Barry University
- Former names: Barry College (1940–1981)
- Type: Private university
- Established: 1940; 86 years ago
- Accreditation: SACS
- Religious affiliation: Catholic (Dominican Order)
- Academic affiliations: ACCU; CIC; ICUF; NAICU;
- Endowment: $62.7 million (2025)
- President: Mike Allen
- Academic staff: 255 (full-time), 647 (part-time)
- Students: 6,825 (fall 2024)
- Undergraduates: 3,232 (fall 2024)
- Postgraduates: 3,593 (fall 2024)
- Location: Miami Shores, Florida, United States 25°52′43.81″N 80°11′50.17″W﻿ / ﻿25.8788361°N 80.1972694°W
- Campus: 122 acres (0.49 km^{2}); Large suburb;
- Other campuses: Hollywood; Miami; Tallahassee; Ocala; Orlando; Palm Beach Gardens; Pembroke Pines;
- Newspaper: The Buccaneer
- Colors: Red, black, and silver
- Nickname: Buccaneers
- Sporting affiliations: NCAA Division II – Sunshine State
- Mascot: Bucky the Parrot
- Website: barry.edu

= Barry University =

Catholic university in Miami Shores, Florida, US

Barry University is a private Catholic university in Miami Shores, Florida, United States. Founded in 1940 by the Adrian Dominican Sisters, it is one of the largest Catholic universities in the Southeast and is located within the Archdiocese of Miami.

The university offers more than 100 degree programs, from bachelors to doctorate, in six schools and two colleges. Barry University has almost 7,000 students, a campus of 54 buildings, a branch campus in Tallahassee, a law school in Orlando, and 50,000 alumni.

== History ==

=== Beginnings ===
Barry College was founded as a women's college by a pair of siblings: Patrick Barry, Bishop of St. Augustine, and his sister, Mary Gerald Barry, OP, then prioress of the Adrian Dominican Sisters. The construction of what was then the Barry College for Women began in 1940, in what had previously been "a tract of tropical vegetation". The empty lot was soon transformed into the main campus in Miami Shores, Florida. The original campus consisted of five buildings. Mother Barry served as president from 1940 to 1961.

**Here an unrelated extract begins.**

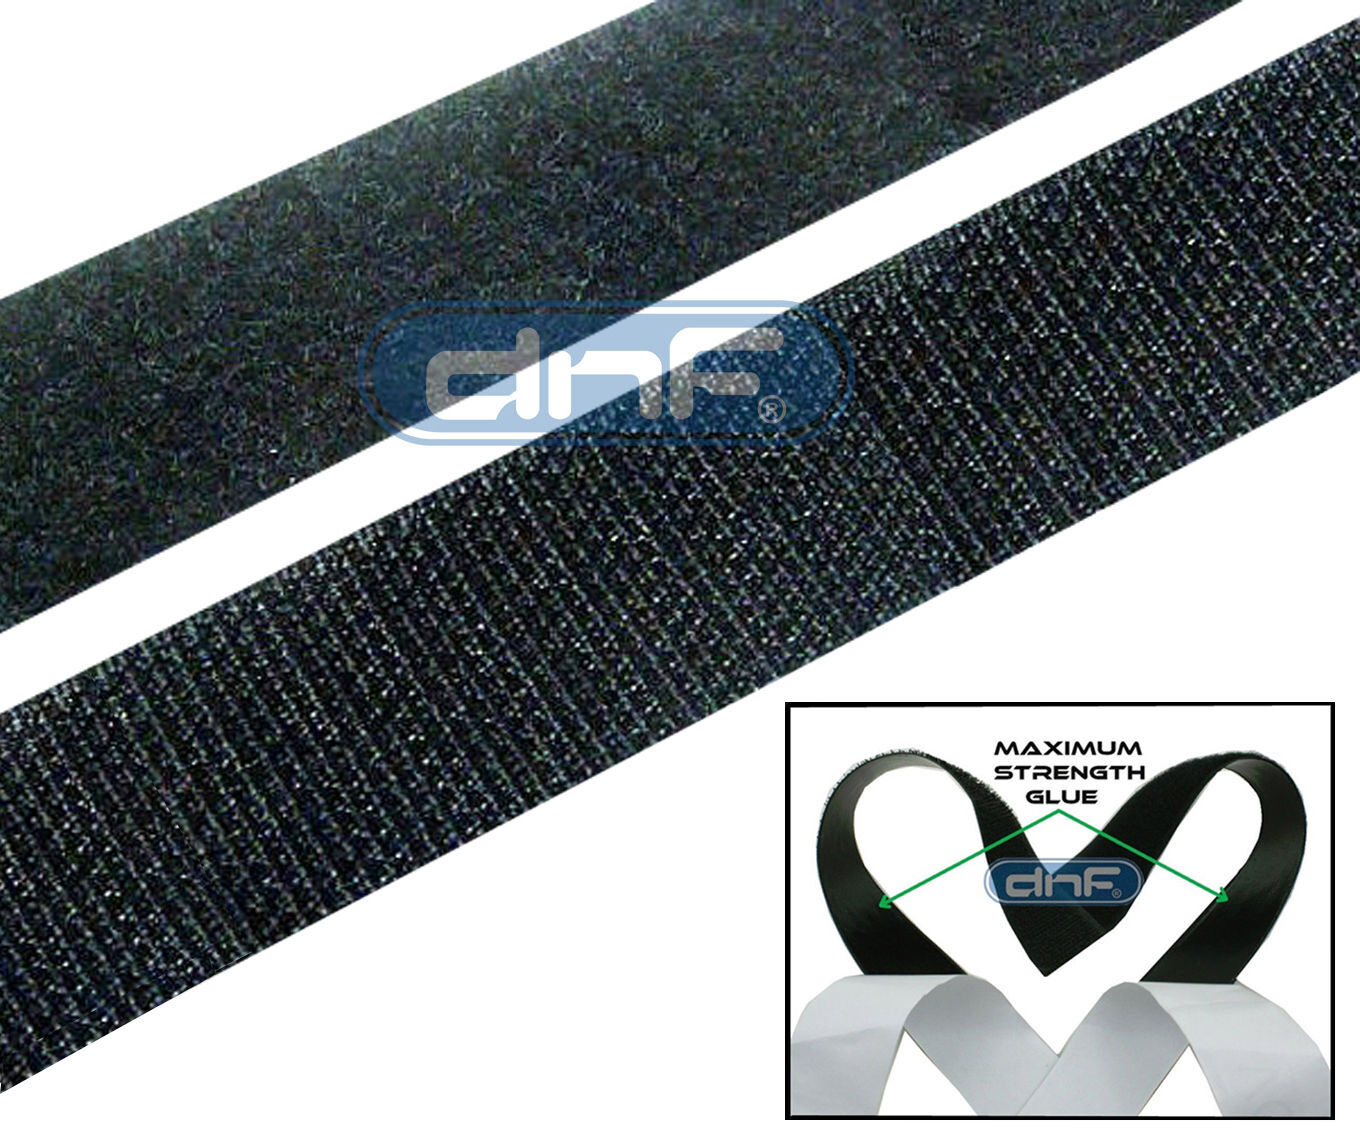 1" 5 Feet Black Self Adhesive Sticky Hook And Loop Tape- Free Same Day Shipping!
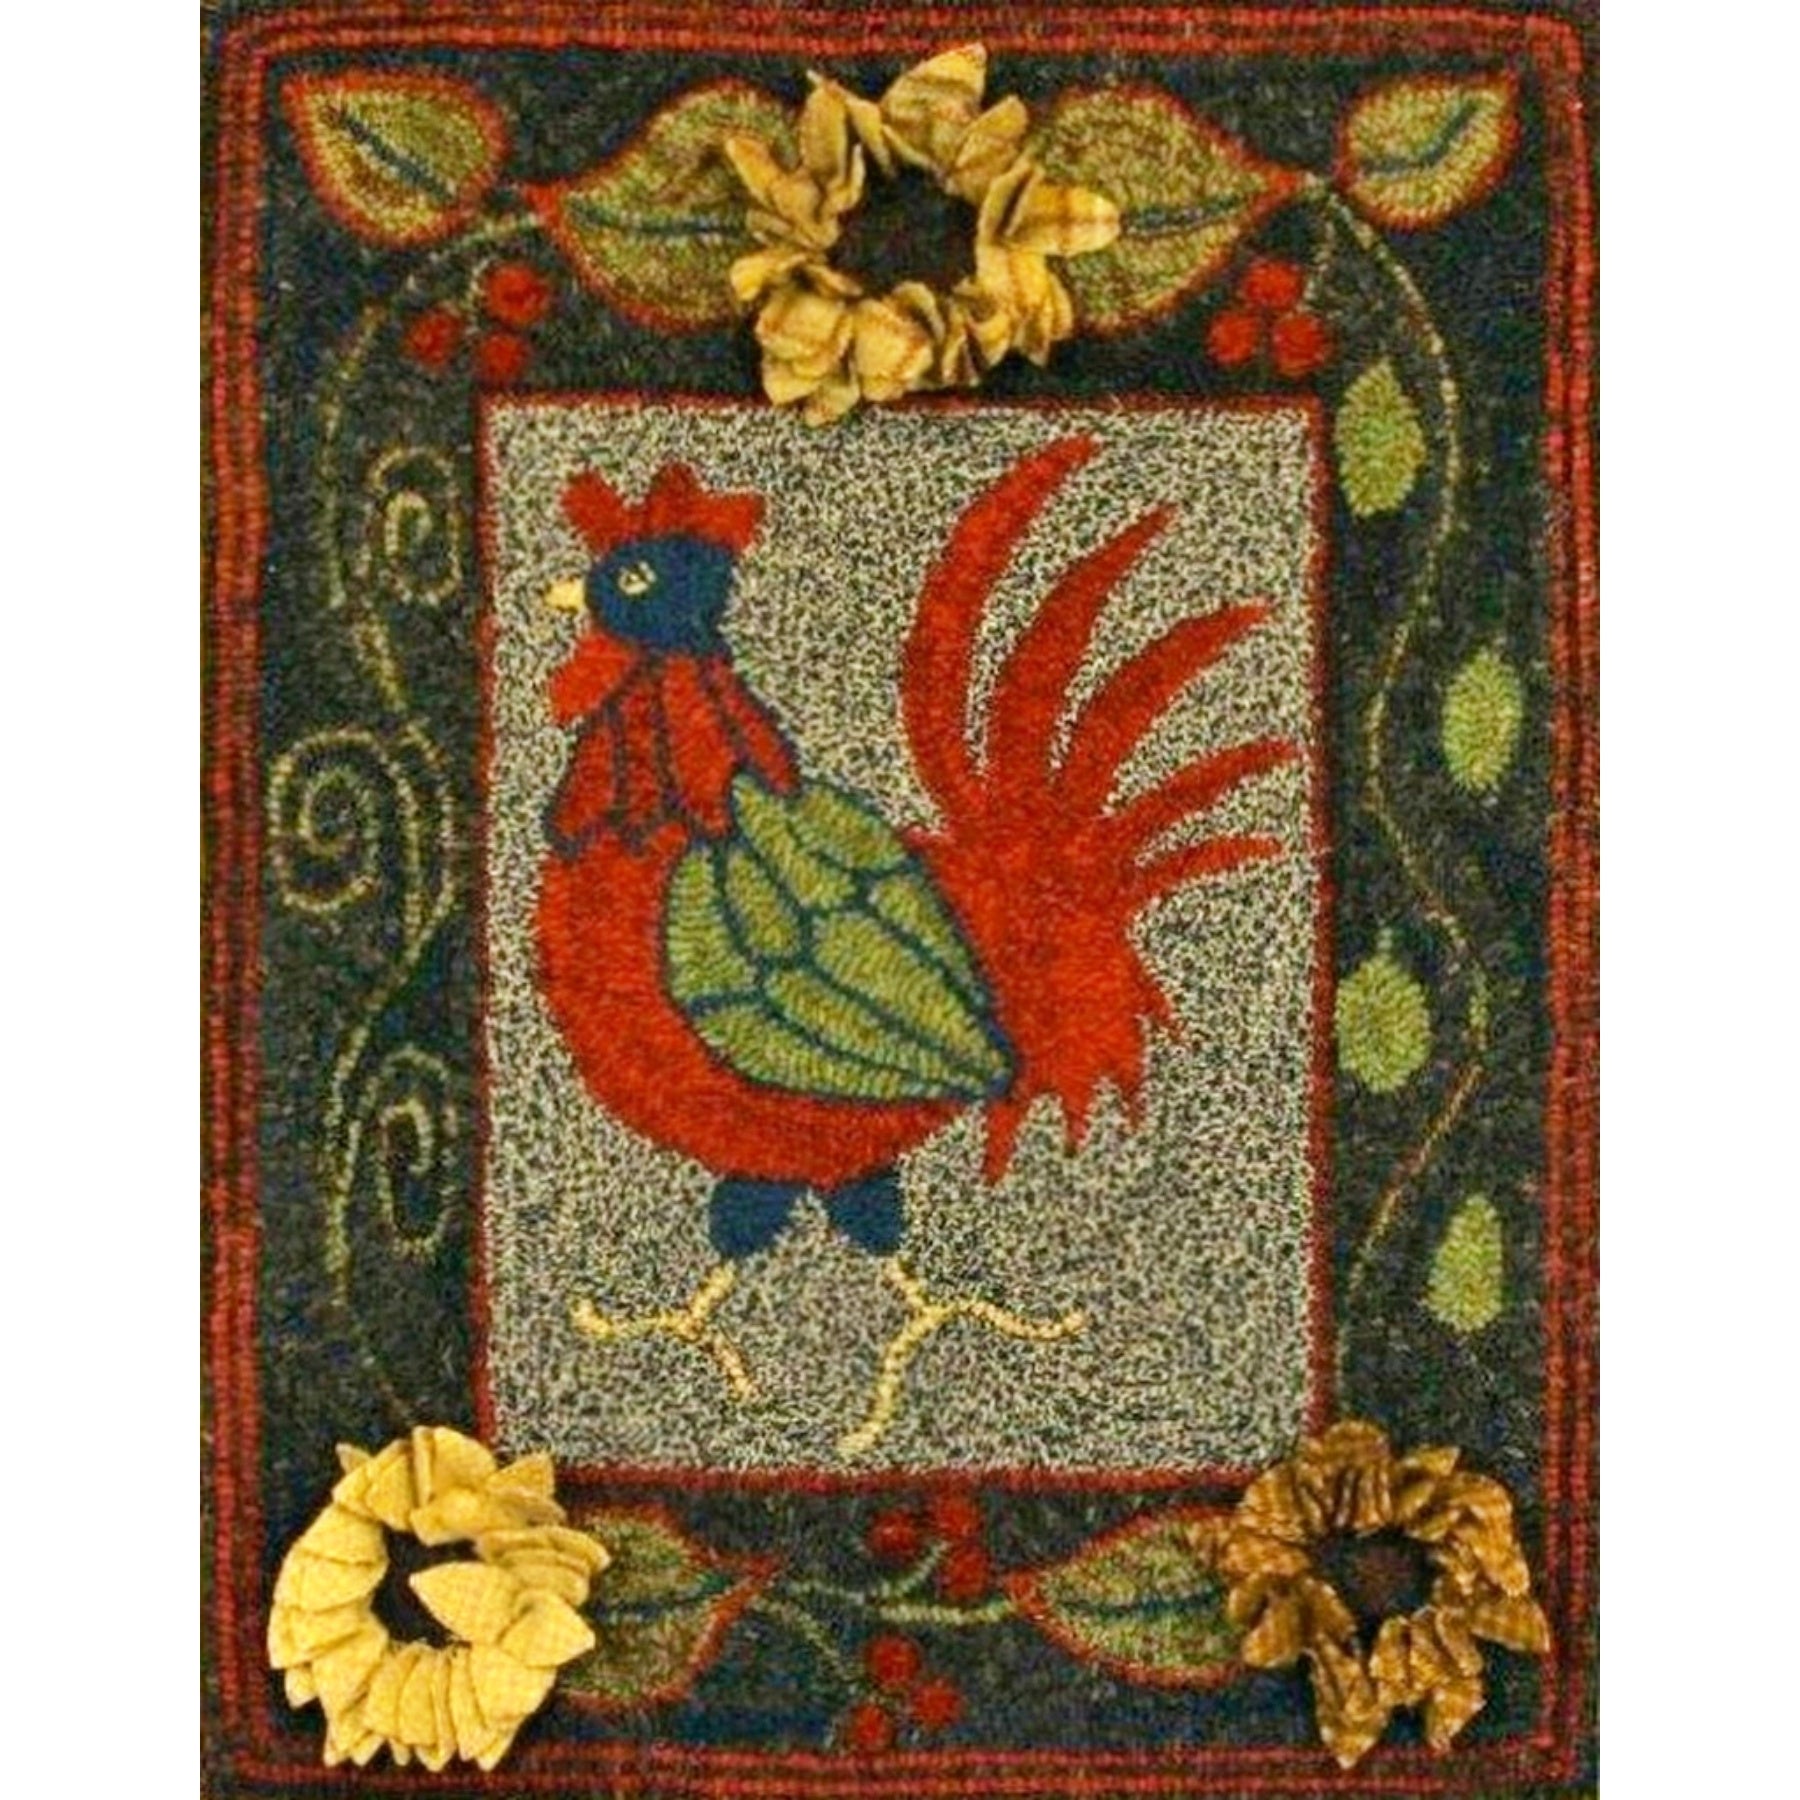 Rooster With Sunflowers, rug hooked by Karen Guffey

Barry College became Barry University on November 13, 1981. Barry University continues to be sponsored by the Dominican Sisters of Adrian, Michigan. It is an independent 501(c)(3) organization and has an independent board of trustees.

=== Presidents ===

The university has had six Adrian Dominican Sisters serve as president since its inception: M. Gerald Barry, 1940–61; M. Genevieve Weber, 1962–63; M. Dorothy Browne, 1963–74; M. Trinita Flood, 1974–81; Jeanne O'Laughlin, 1981–2004; and Linda Bevilacqua, 2004–2019. Mike Allen began his tenure as the seventh president of Barry University on July 1, 2019. He is the first man and lay person to lead Barry University since its founding in 1940. The motherhouse of the sisters is in Adrian, Michigan.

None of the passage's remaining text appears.